In [1]:
import numpy as np
import torch
import torch.nn.functional as F

### Load Q, K, V

Generate random test data

In [200]:
psd_ratio = 1  # test how error increases as Q becomes less PSD
d = 64
e = 400
l = 400
batch = 10
seed = 12
assert l >= d
if seed:
    np.random.seed(seed)
    torch.manual_seed(seed)
arange_d = torch.arange(d, 0, -1)
psd_matrix = torch.Tensor(np.random.rand(d, d))
psd_matrix = torch.matmul(psd_matrix, psd_matrix)
psd_matrix = torch.cat([psd_matrix, torch.ones(l - d, d)], dim=0)
q = torch.Tensor(np.random.rand(l, d)) * (1 - psd_ratio) + psd_matrix * psd_ratio
k = torch.Tensor(np.random.rand(l, d)) * (1 - psd_ratio) + psd_matrix * psd_ratio

# make sure query vectors are not all zero (creates large error when solving for K_hat, and will never occur in practice)

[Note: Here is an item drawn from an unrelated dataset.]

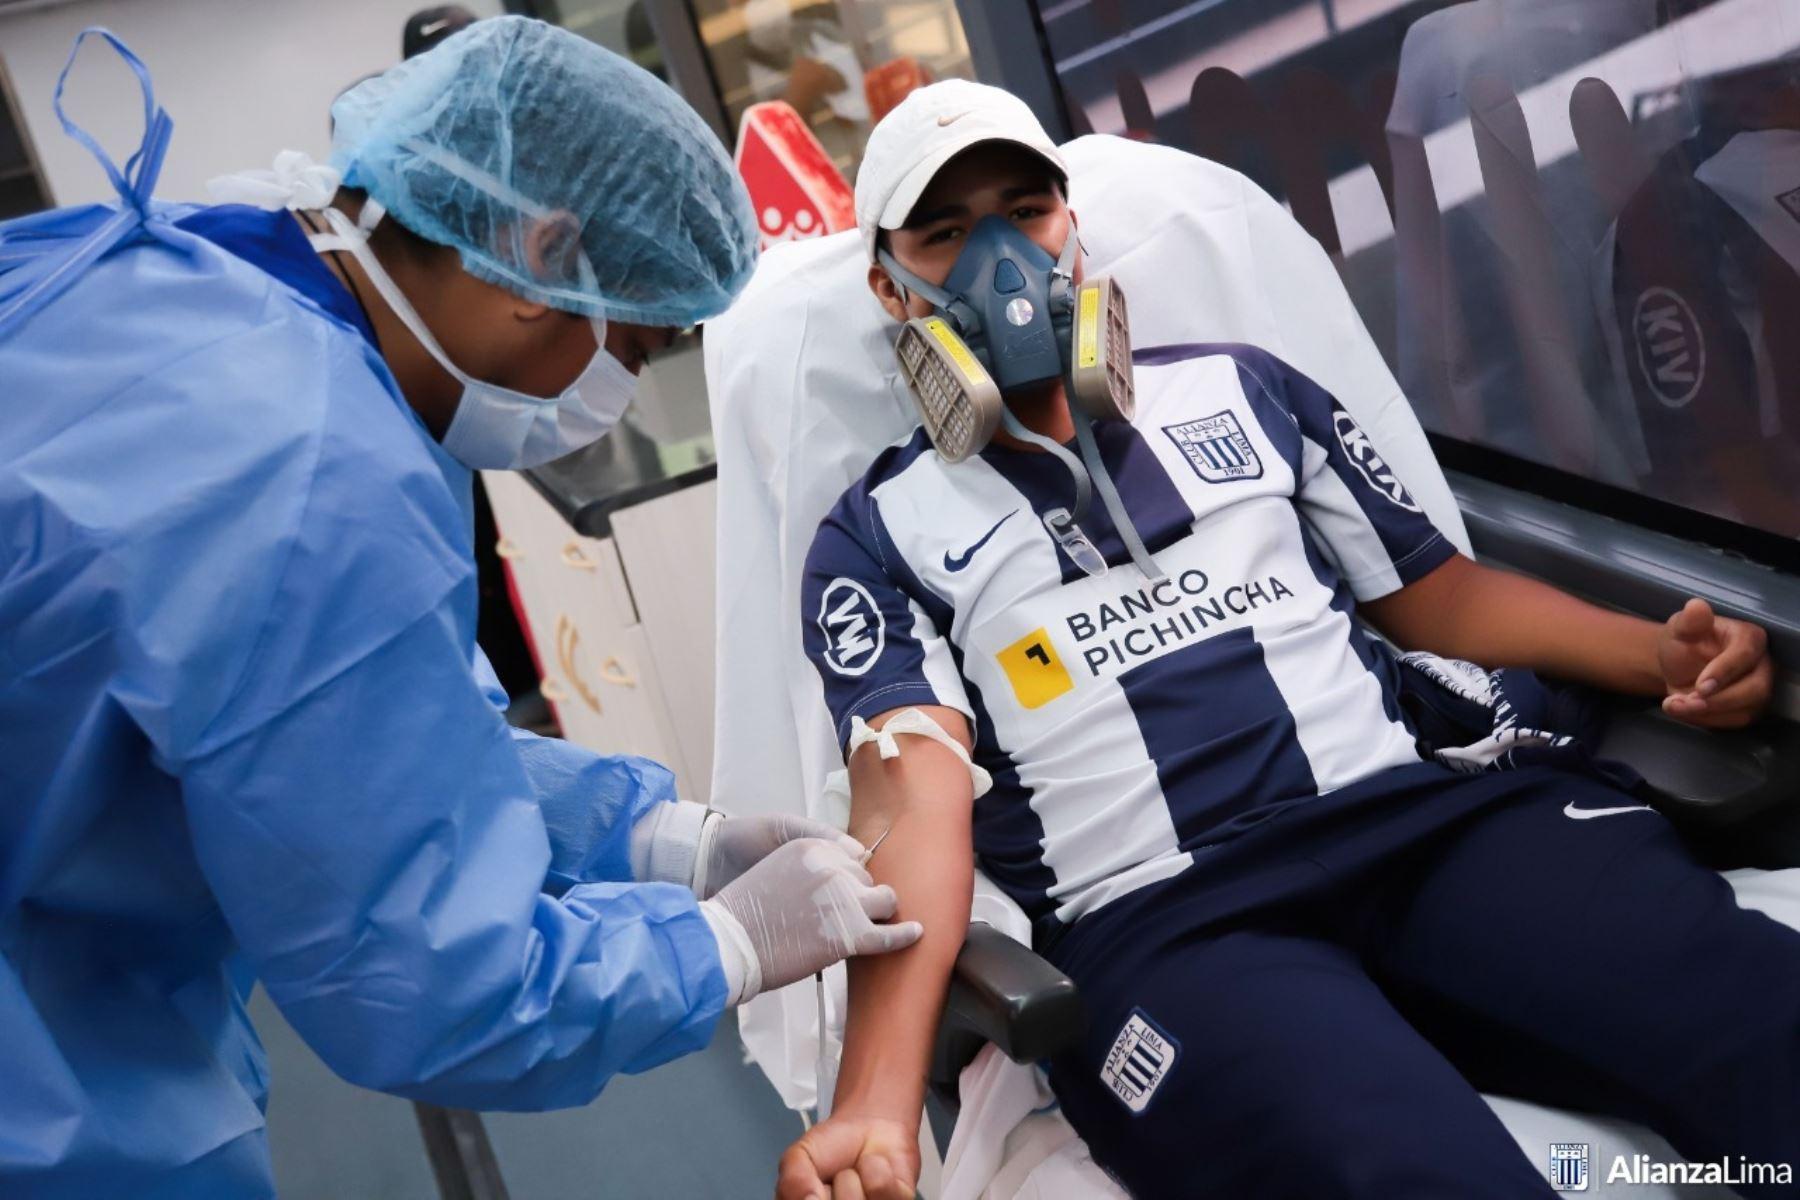 El Club Alianza Lima cedió la explanada del estadio Alejandro Villanueva para una campaña de donación de sangre dirigida a evitar el desabastecimiento de este insumo vital en tiempos de inmovilización social.

q, k = q.type(torch.float), k.type(torch.float)
v = torch.Tensor(np.random.rand(l, d))

q, k, v = q[None].repeat(batch, 1, 1), k[None].repeat(batch, 1, 1), v[None].repeat(batch, 1, 1)

Or load q, k, v from GPT-2 run on WMT (see end of notebook for data collection)

In [244]:
e = 400

qkv = np.load('qkv.npz')
n_layer, n_sample, n_attn_heads, l, d = qkv['q'].shape  # [ layers X samples X attention heads X tokens X q dimension ]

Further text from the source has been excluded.